## Task brief
Go through the data below and transcribe it exactly. Omit the images.

## Collected data
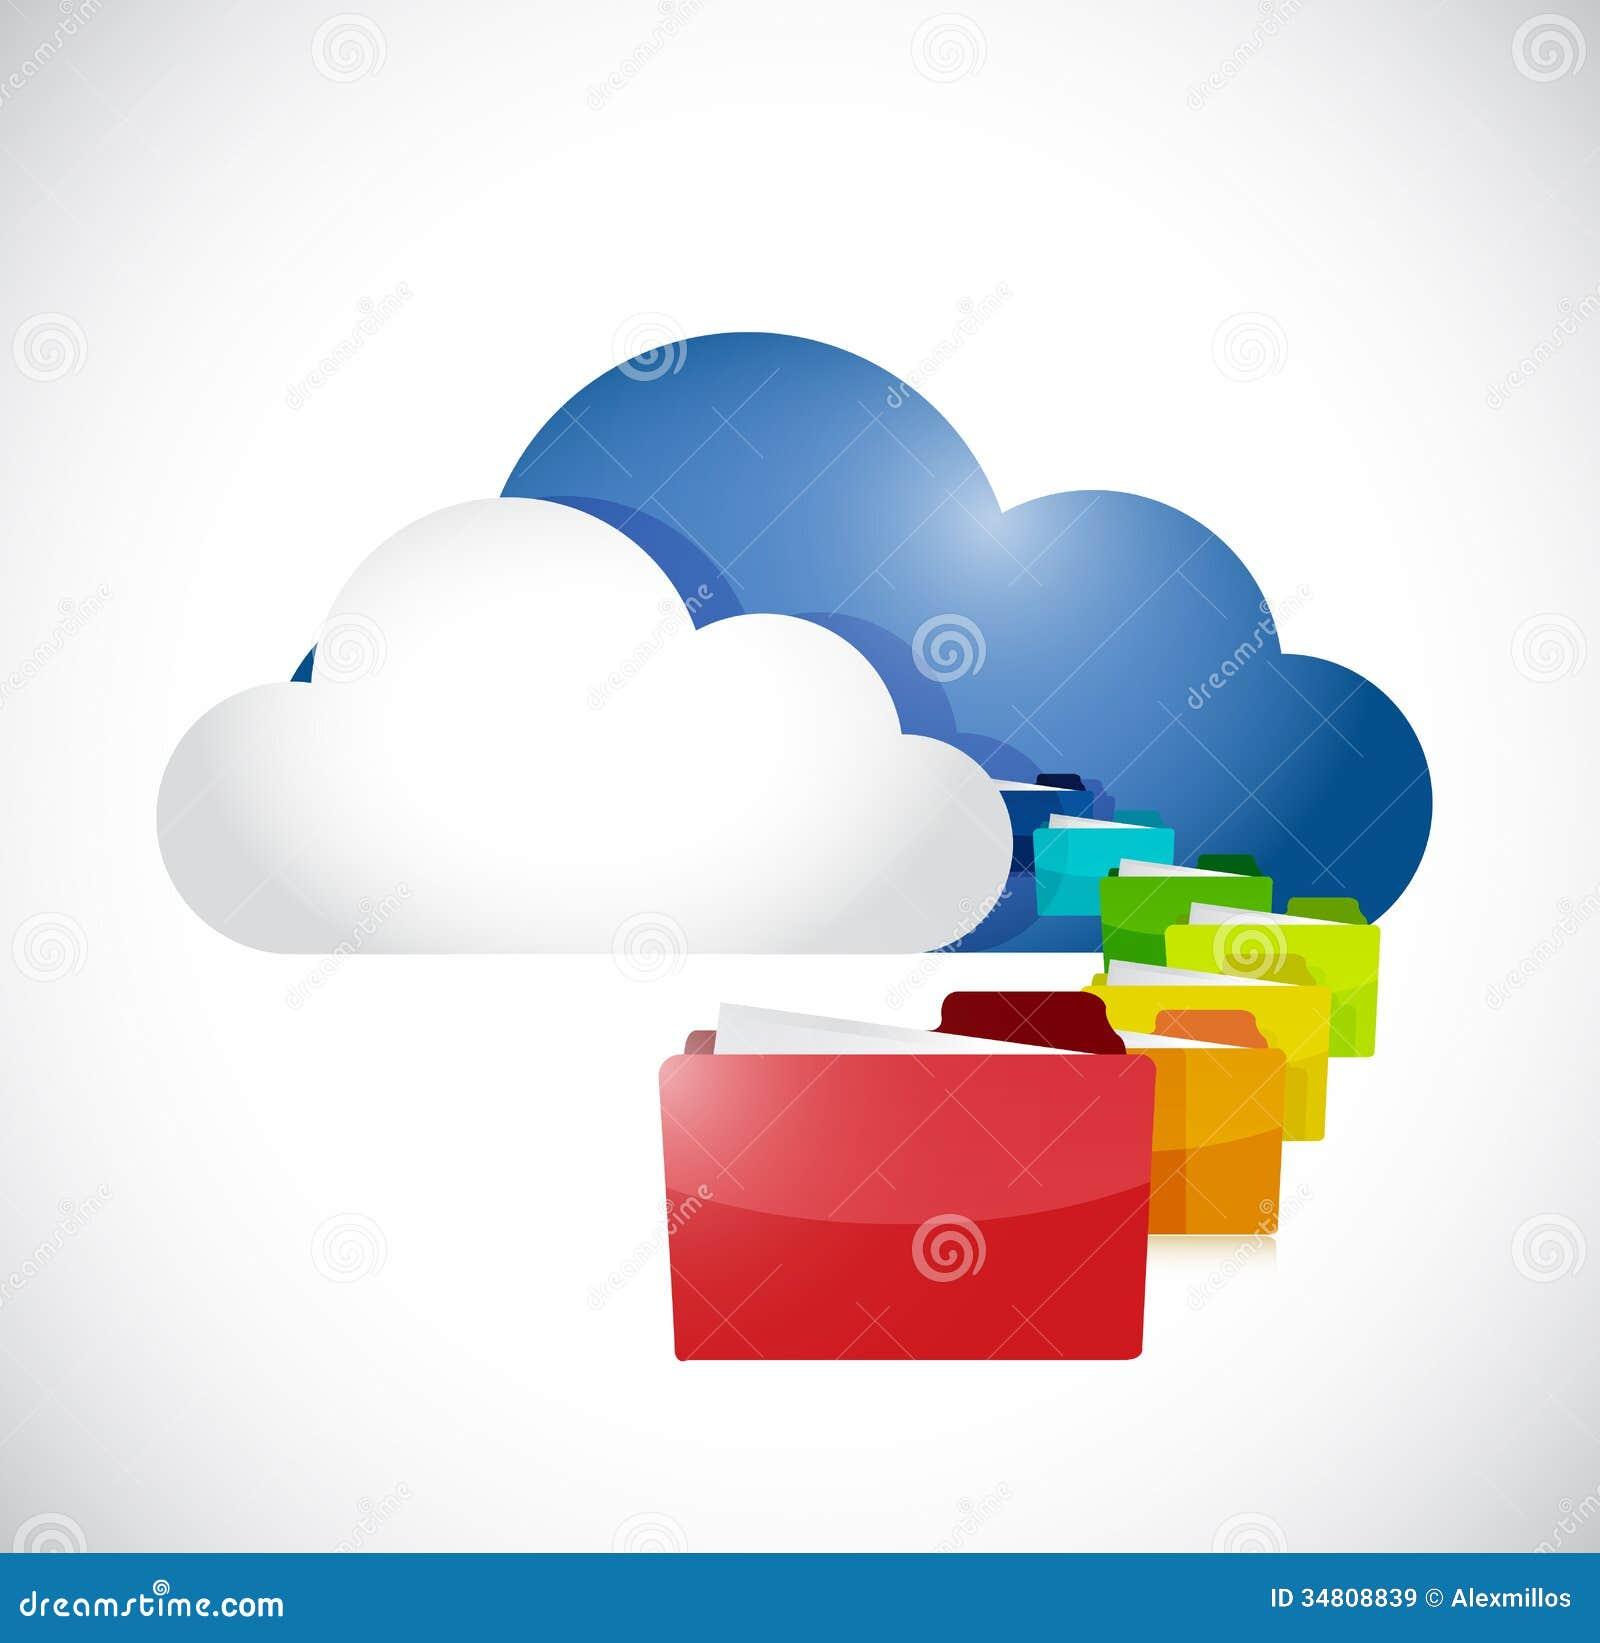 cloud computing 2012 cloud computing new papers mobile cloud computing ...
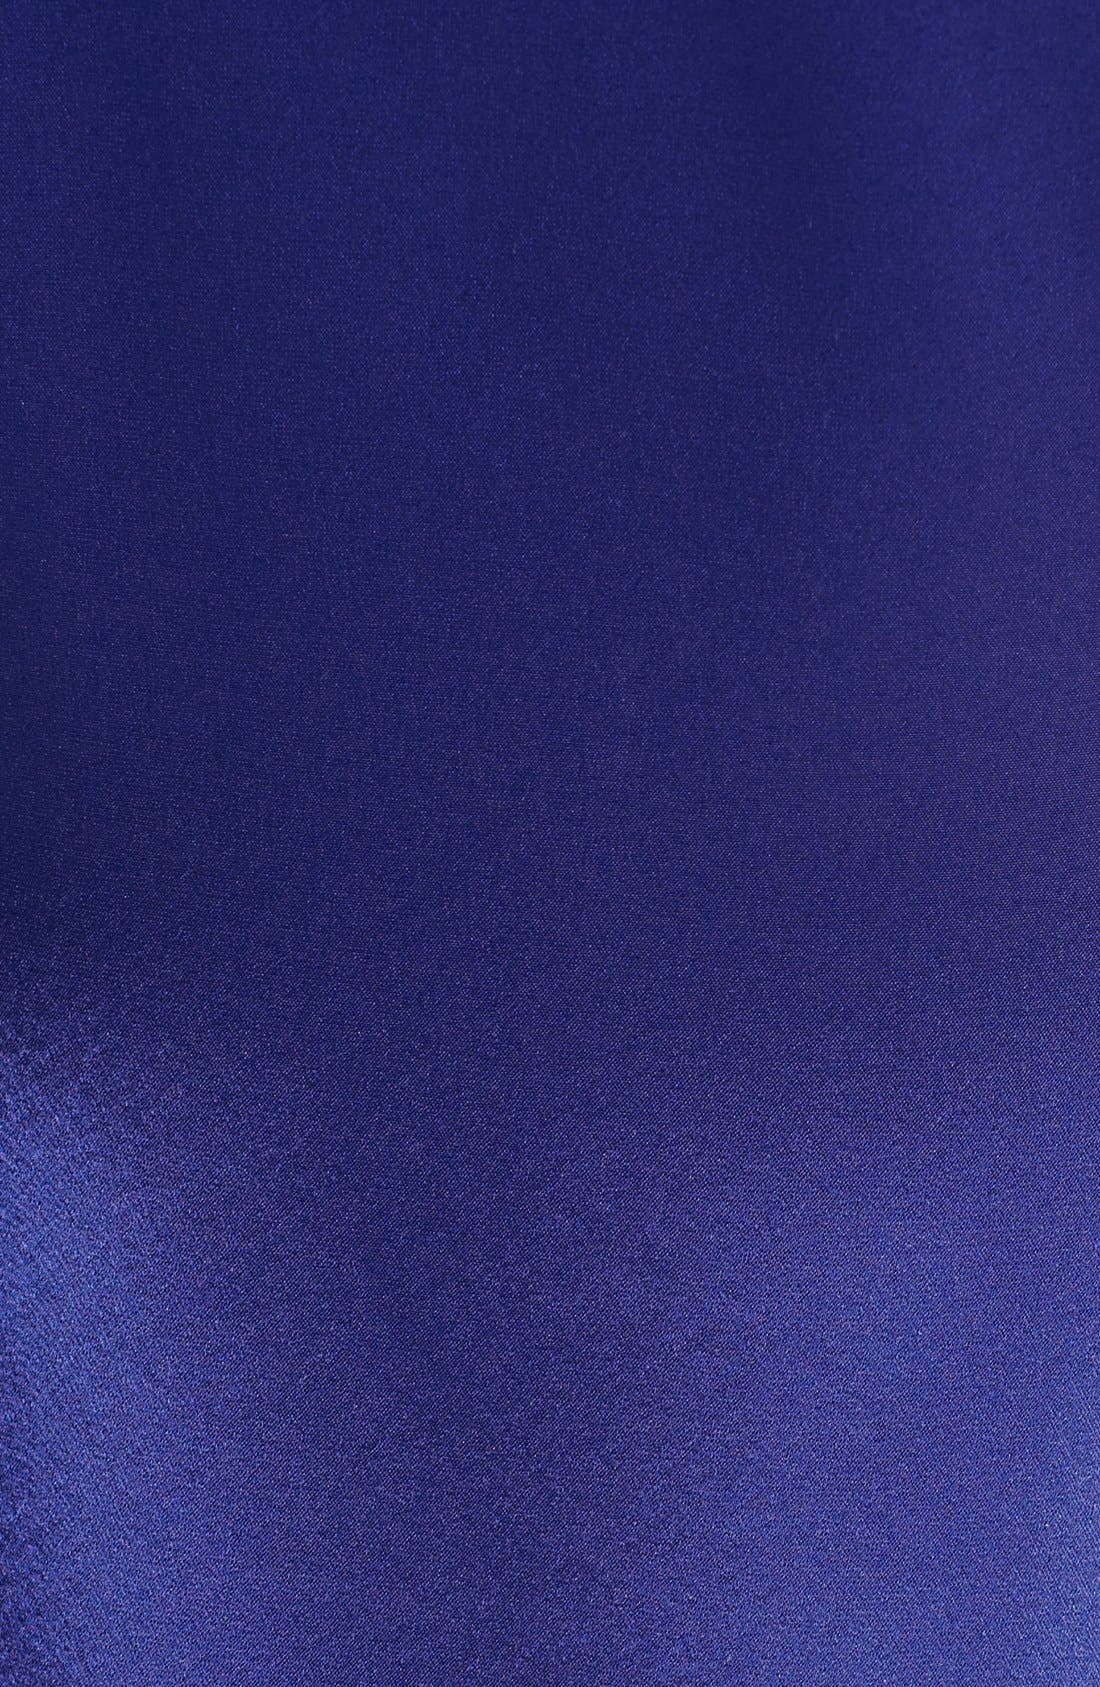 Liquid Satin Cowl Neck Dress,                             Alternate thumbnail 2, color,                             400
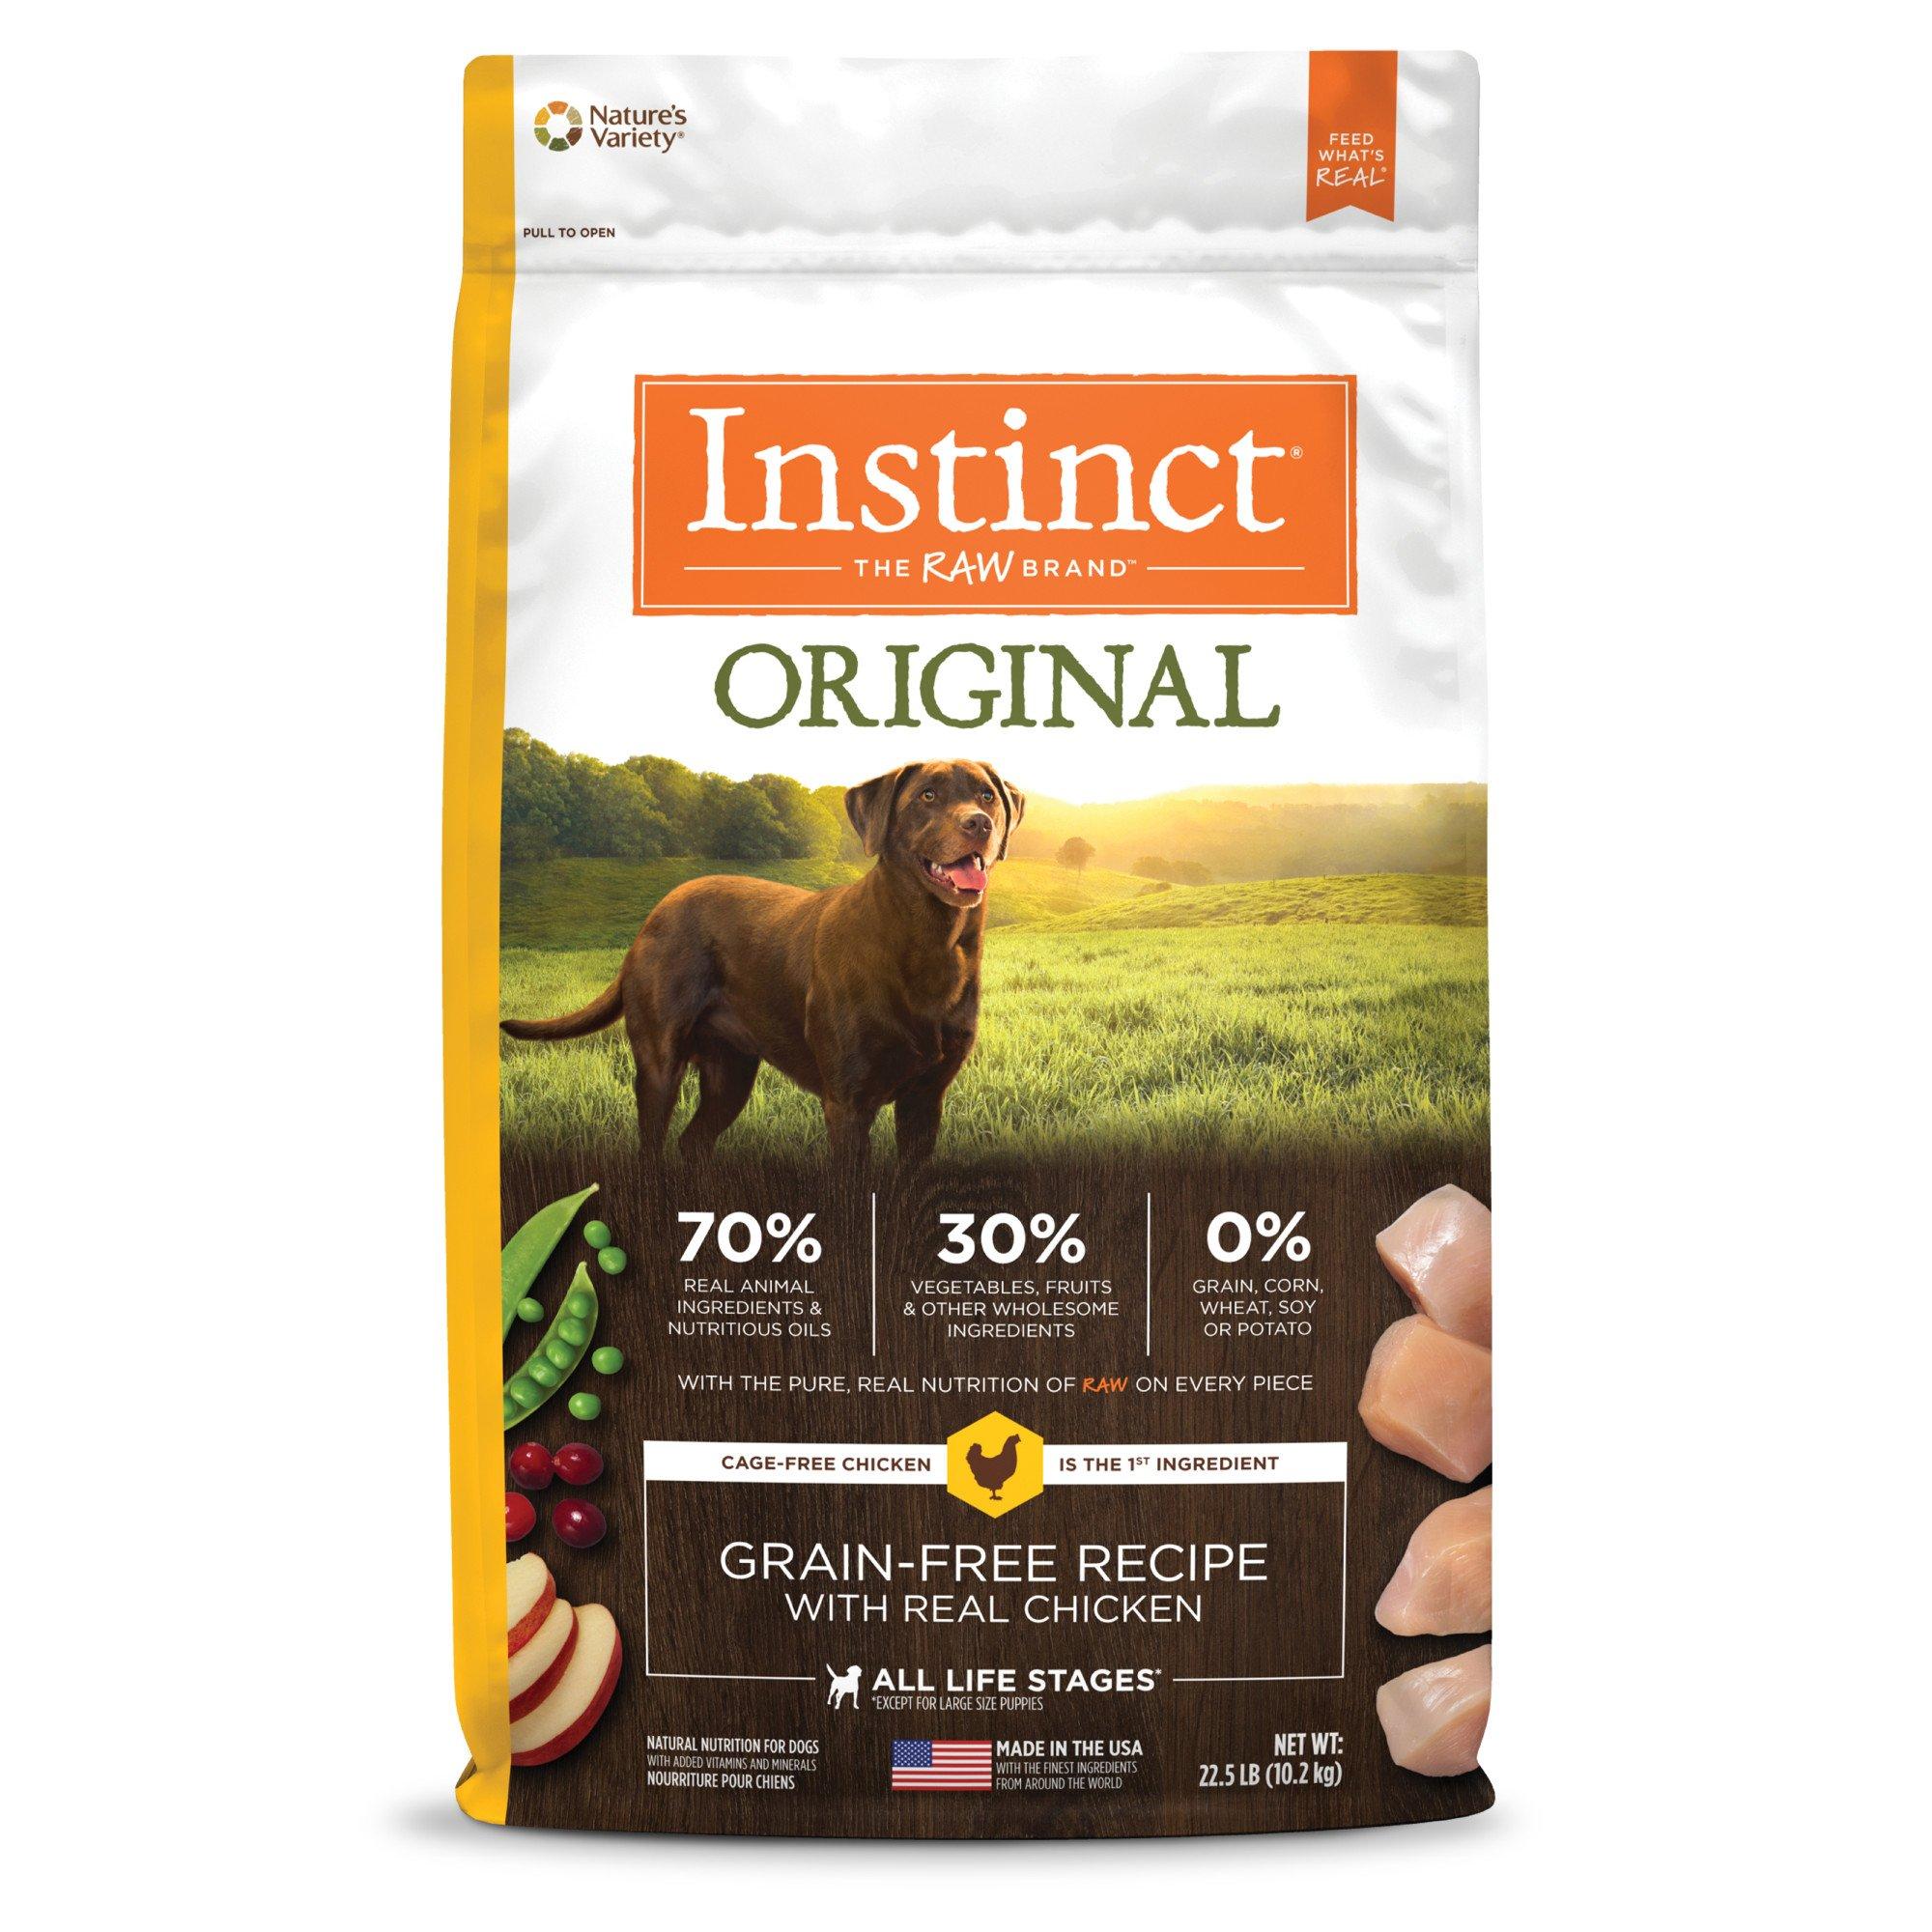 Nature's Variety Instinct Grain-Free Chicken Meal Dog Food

## Your response
 cloud computing 2012 cloud computing new papers mobile cloud computing ...
 Liquid Satin Cowl Neck Dress,                             Alternate thumbnail 2, color,                             400
 Nature's Variety Instinct Grain-Free Chicken Meal Dog Food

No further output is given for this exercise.